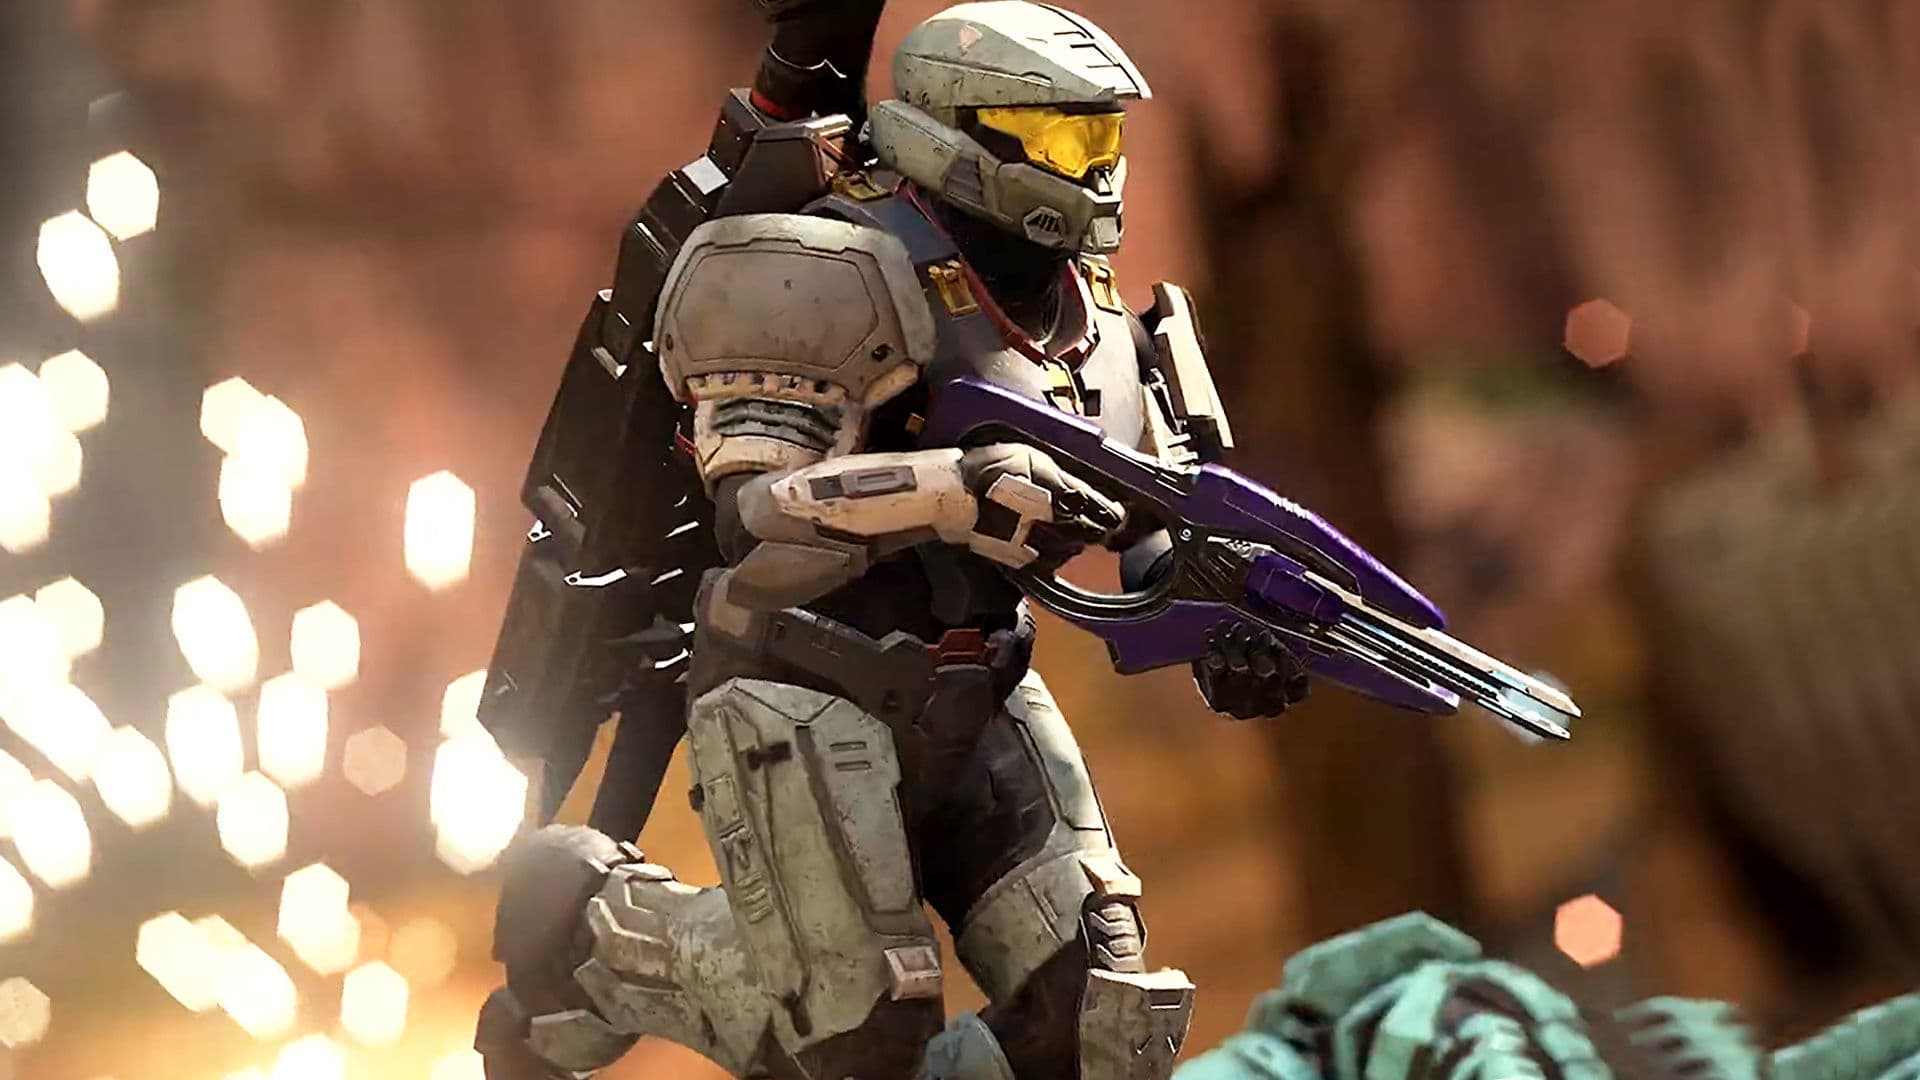 Halo Infinite is de multiplayershooter die we dit najaar willen spelen
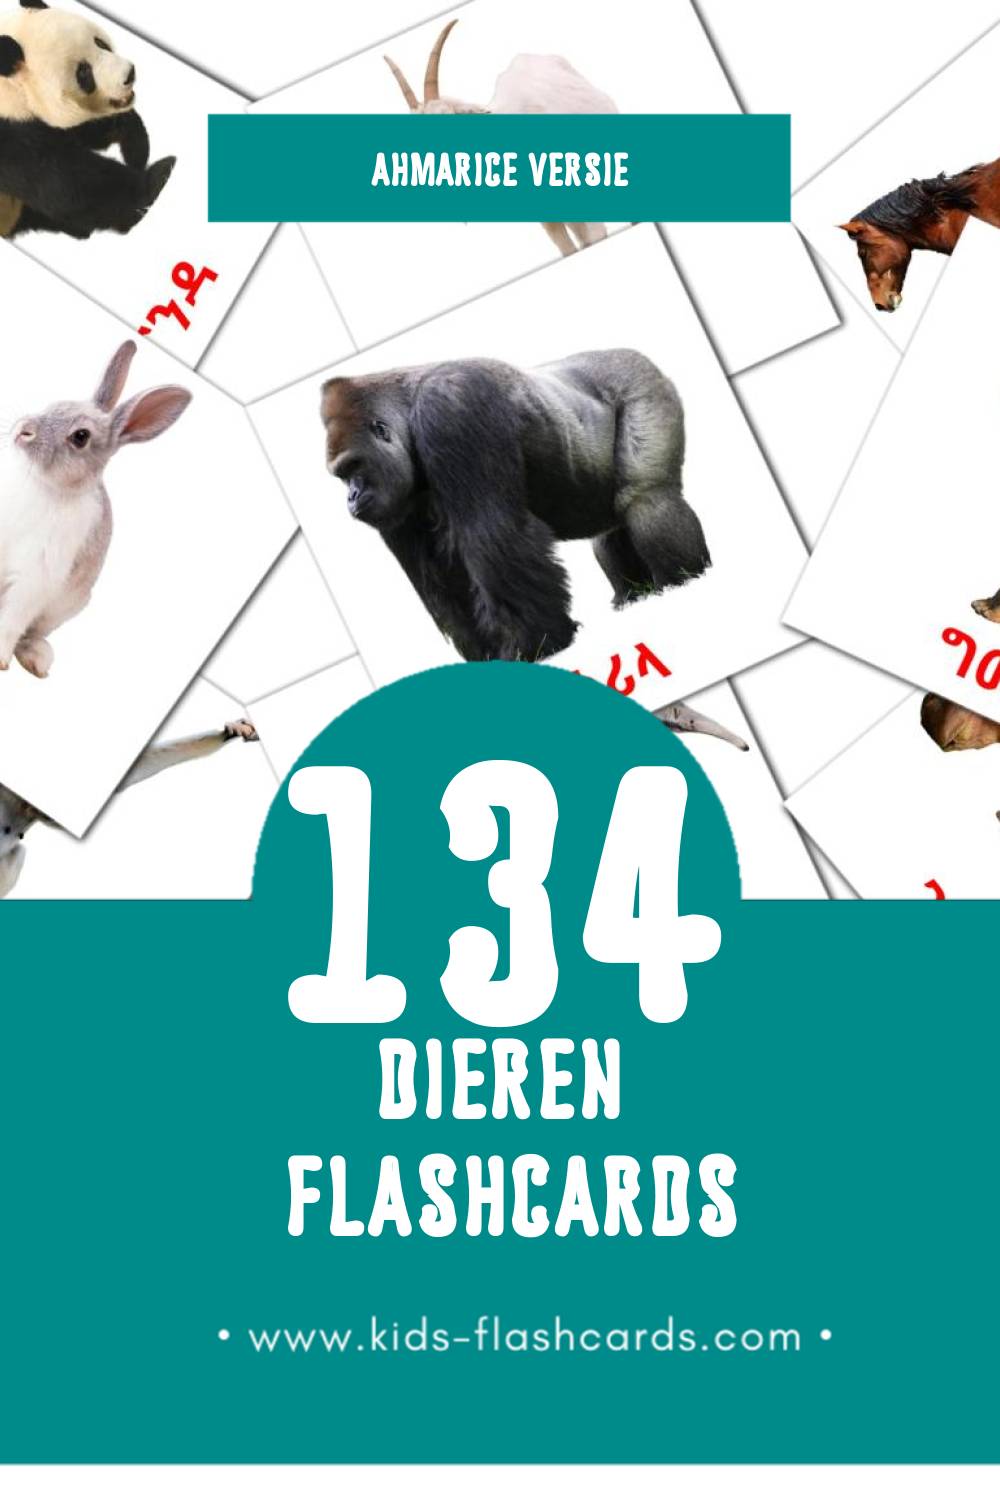 Visuele እንስሳት Flashcards voor Kleuters (134 kaarten in het Ahmaric)
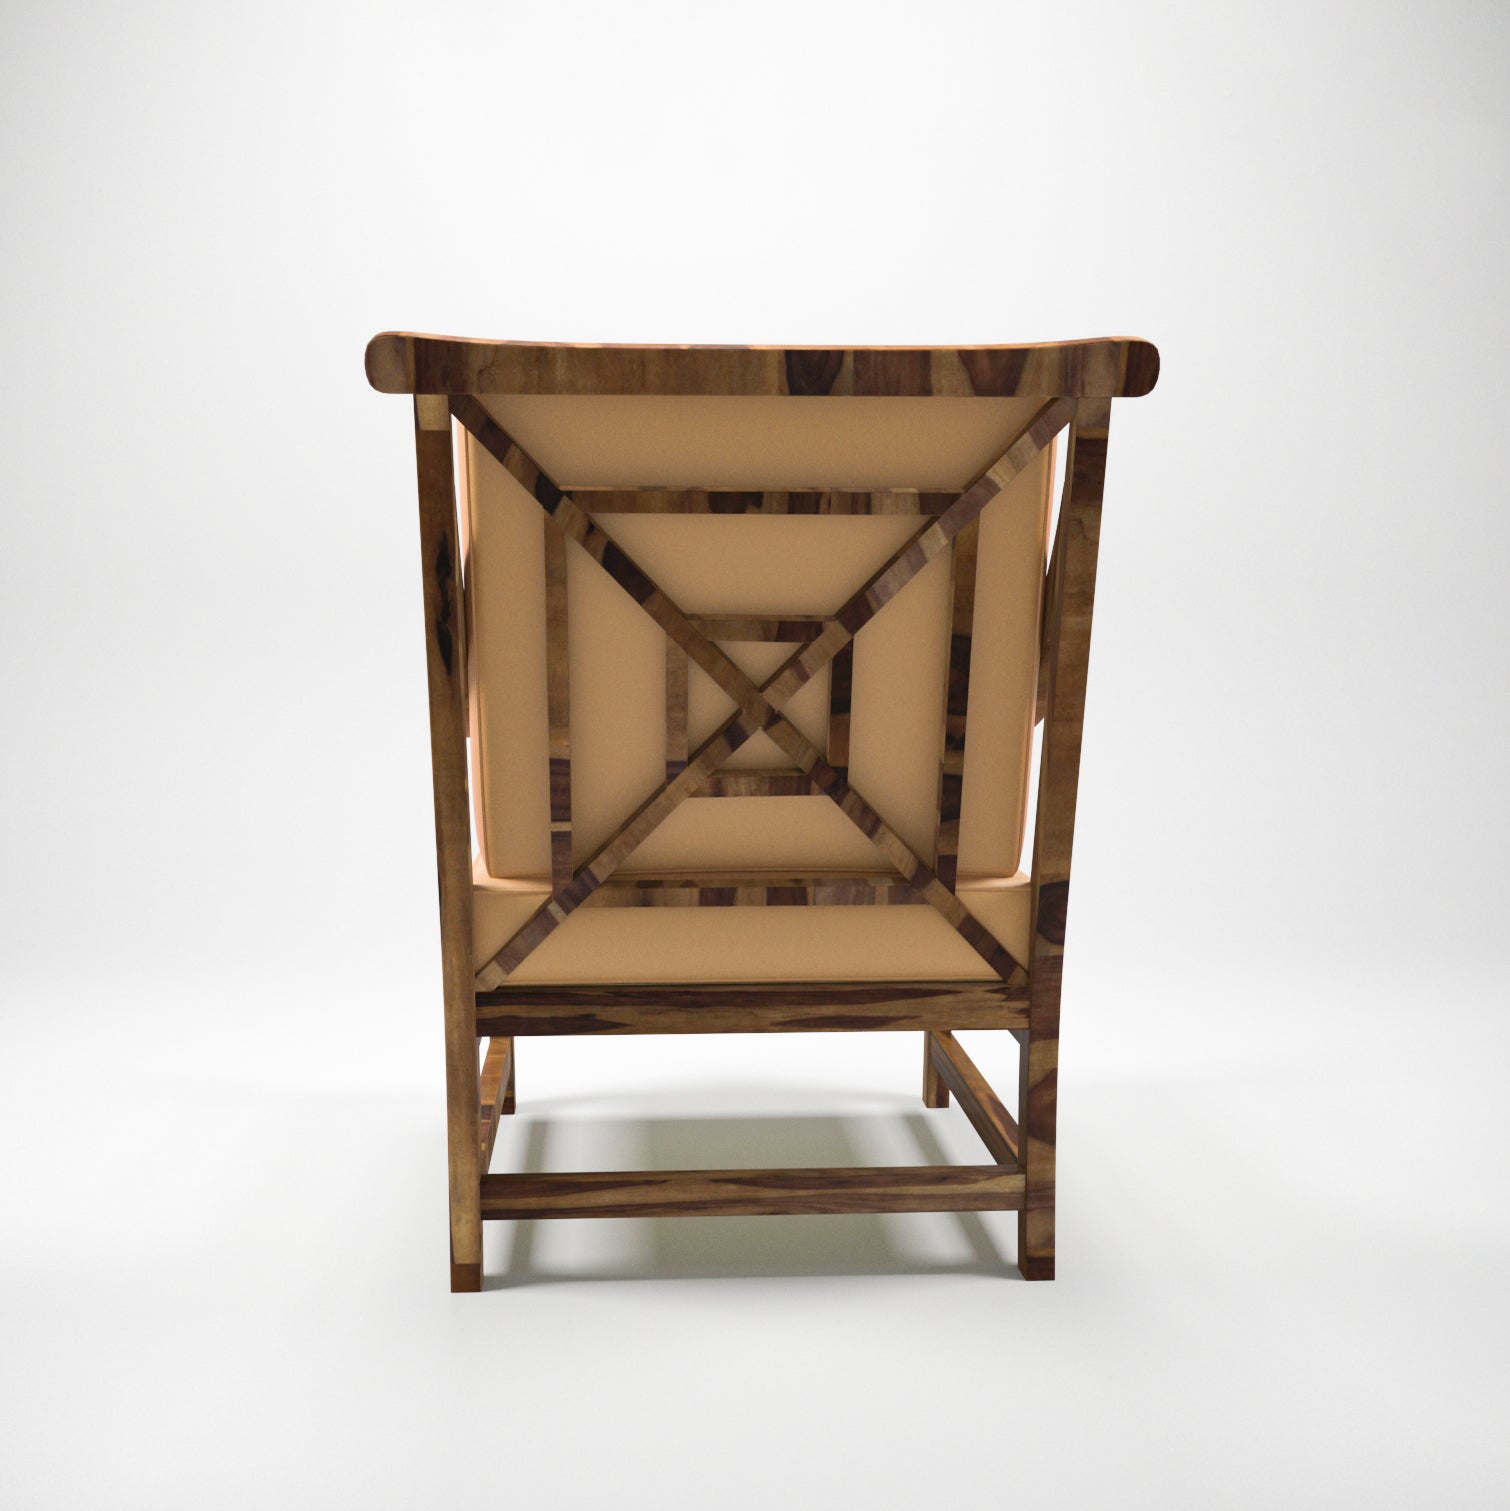 Sheesham wood spacious Sofa Style arm chair Arm Chair
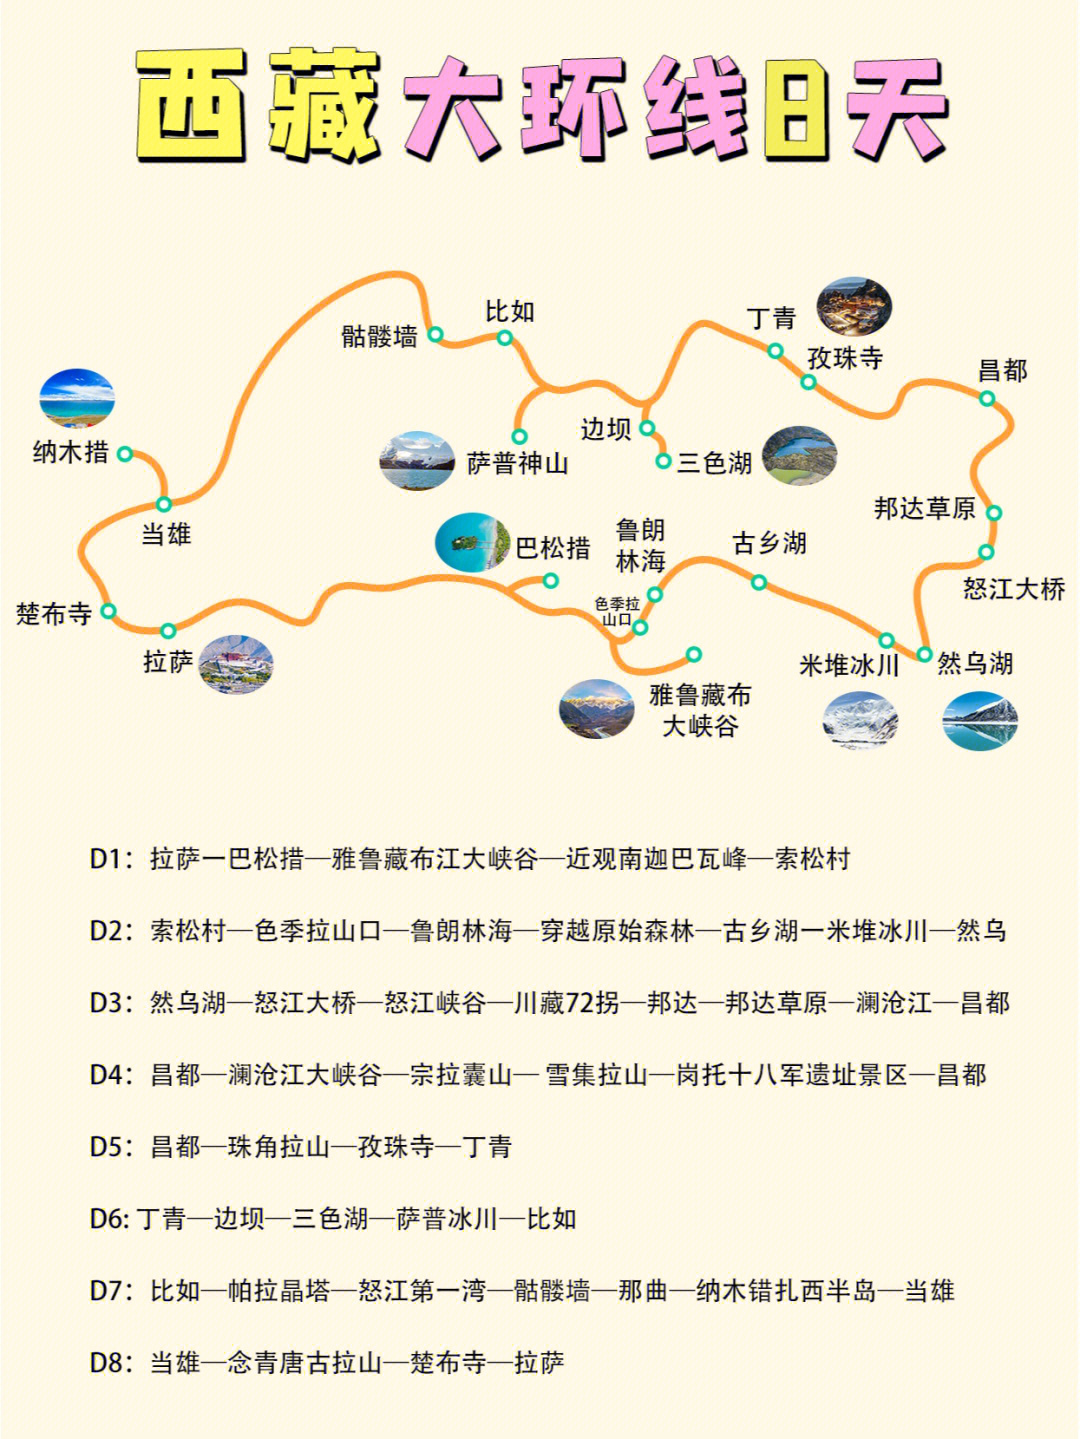 河南317省道全程线路图图片
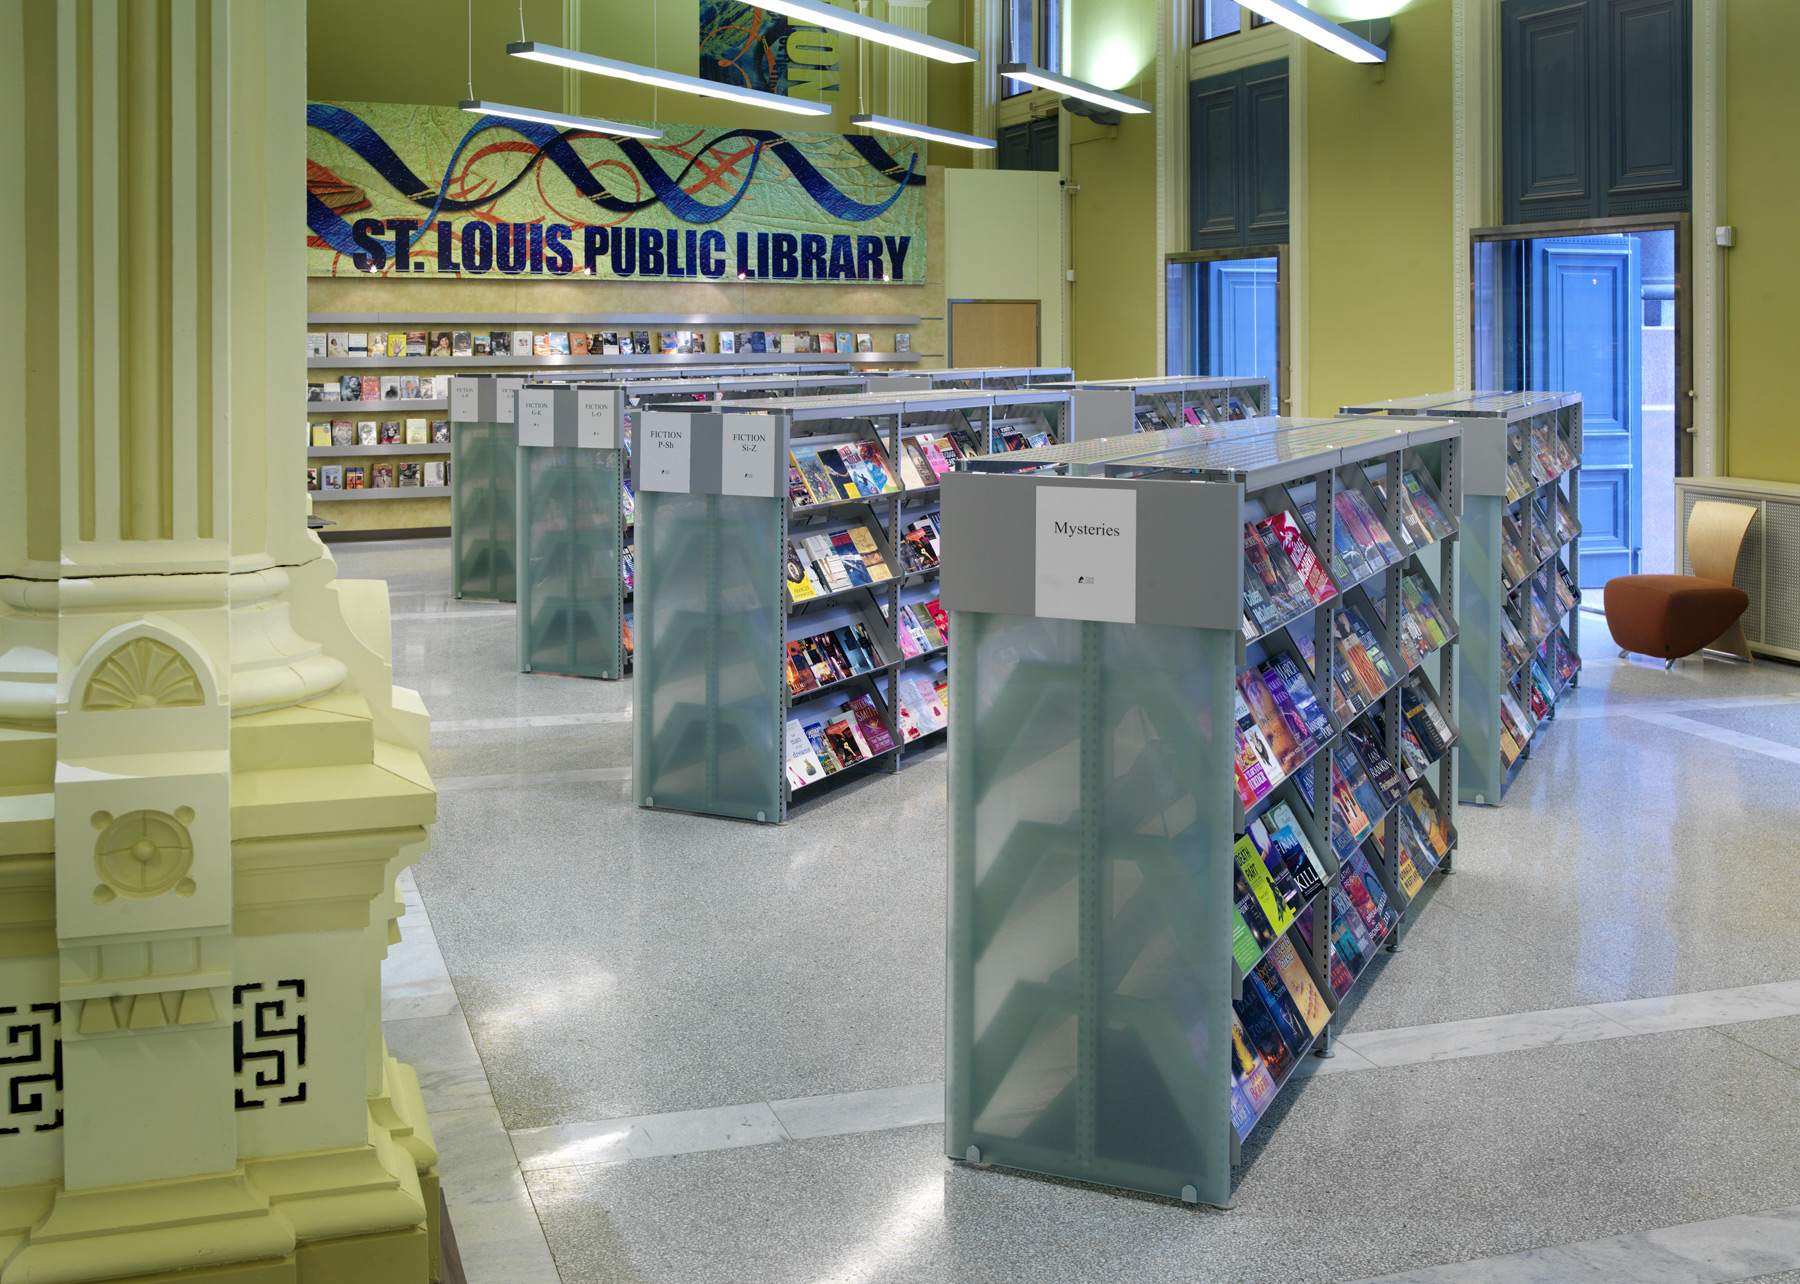 St. Louis Public Library
☆ ☆ ☆ ☆ ☆ ☆ ☆
Problem description
Every entry above is to be set down exactly; the pictures are to be left out.

Output of the task
 Halo Infinite is de multiplayershooter die we dit najaar willen spelen
 Visuele እንስሳት Flashcards voor Kleuters (134 kaarten in het Ahmaric)
 Sheesham wood spacious Sofa Style arm chair Arm Chair
 河南317省道全程线路图图片
 St. Louis Public Library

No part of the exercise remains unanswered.